Take this with a grain of salt. "We feel very confident about Intel," said Everen's Chalasani.
International Business Machines (IBM) couldn't buck the downtrend even as it announced a tie-up with RealNetworks to develop new-and-improved ways to transmit music over the Net (trumping a similar such announcement from Microsoft expected on Tuesday). IBM eased $2.88 to $183.44, while RealNetworks (RNWK) was up 19 percent at $247.
Disney (DIS) gained 94 cents to $35.44 on speculation that the Mouse House is looking to cash in on the mania for Net stocks by consolidating some of its online assets in a separate publicly traded company. Meantime, The Wall Street Journal reported that talks are under way for Team Mickey to take a majority stake in Infoseek sooner than expected. Infoseek (SEEK) advanced 13 percent to $87.13.
Is there a Romeo standing below Xoom.com's balcony? The online community builder said it's in talks with a potential suitor about buying a controlling stake in the company, but declined to say who that suitor might be. The rumor mill quickly named a likely suspect: NBC, which has made no secret of its desire for a greater presence on the Web. Xoom (XMCM) climbed $6.75 to $76.88 amid speculation that a buyout is imminent.
For its part, CBS (CBS) slipped 19 cents to $44.75 after saying it will purchase a 35 percent stake in a new joint venture that will run the Hollywood.com online movie site, and that it will spend millions promoting its Internet properties. The network's joint-venture partner, Big Entertainment (BIGE), soared 106 percent to $32.38.
Investors still think online brokerages can do no wrong.

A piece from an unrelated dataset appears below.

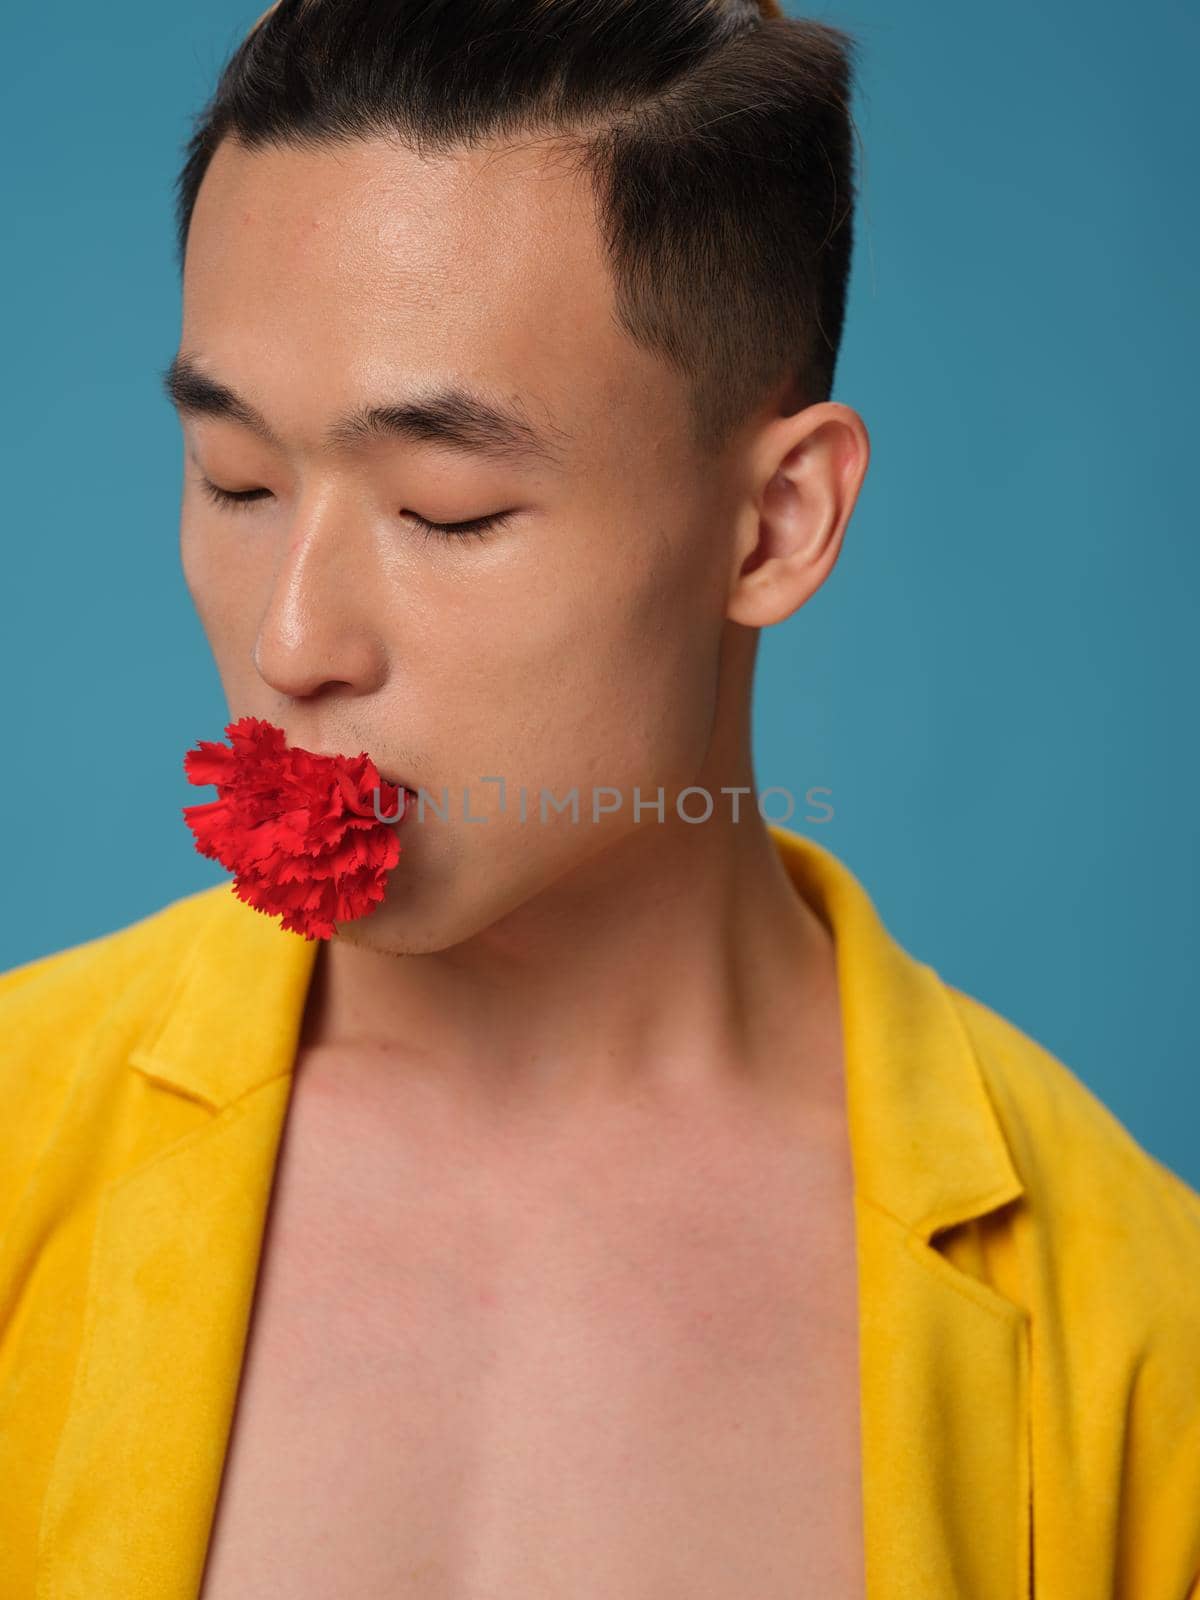 Korean appearance guy with a flower in his mouth on a blue background and a yellow jacket portrait by SHOTPRIME
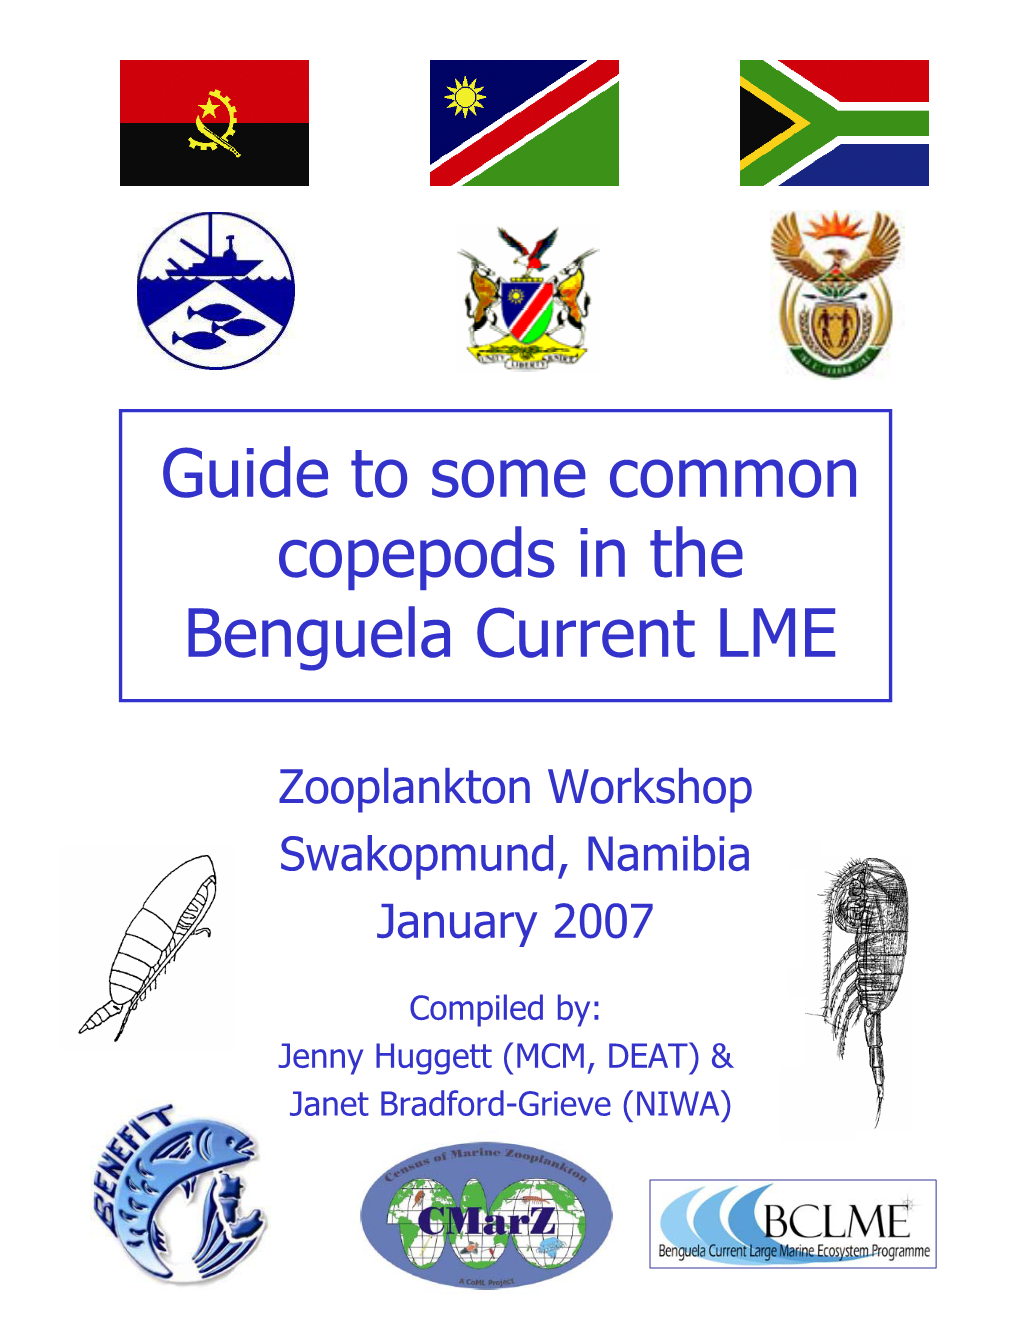 Guide to Some Common Copepods in the Benguela Current LME.Pdf

Ameritrade (AMTD), which is slated to report its quarterly earnings on Thursday, surged 23 percent to $142.25. ETrade Group (EGRP), meanwhile, advanced $5.88 to $96 as it unveiled a new ad campaign aiming to be "a strong call to action in the age of self-reliance and personal empowerment," as one company official termed it.
This is investing we're talking about here, right?
You can't fault a company for championing its own success, but you have to wonder why traders are sometimes so willing to buy into the hype. Case in point: Net.B@nk (NTBK), an online financial institution, vaulted 33 percent to $158.50 after its chief exec, DR Grimes, told an interviewer that the company is expanding faster than earlier estimated. Subsequent news reports touted Net.B@nk's forecast of a 51 percent increase in growth.
Um, OK. Except here's what Grimes actually said: "If I added 3,300 accounts last month, right? I've got nine more months left this year, right? So if you do the math, that'd be 29,000. And I'm sitting at a little over 24,000. So, maybe 53,000. I'm just giving you a rough number ... I'm simply saying that if we continue to grow at the rate we grew last month, we're looking at an obviously much bigger number. So even if you took those numbers and added them together, you would still be looking at a number much above the 35,000 that we had been projecting."
Similarly, when asked about a possible stock split, Grimes observed, "We do have a shareholder's meeting coming up, don't we?"
Yes, we do. And maybe Net.B@nk really is poised for greatness. But more levelheaded investors will wait to see the company actually come through with the goods before driving its share price through the roof.
Lastly, HJ Heinz (HNZ), the ketchup guys, rose $1.69 to $46.25 after the Financial Times reported that more than 20 prospective buyers have stepped forward to acquire the company's Weight Watchers International unit.
There will be those who wonder what the producer of Ore-Ida Tater Tots is doing in the diet business in the first place. But, hey, it's no less mystifying that a top player in the get-slim movement also happens to be one of the world's leading manufacturers of pet food.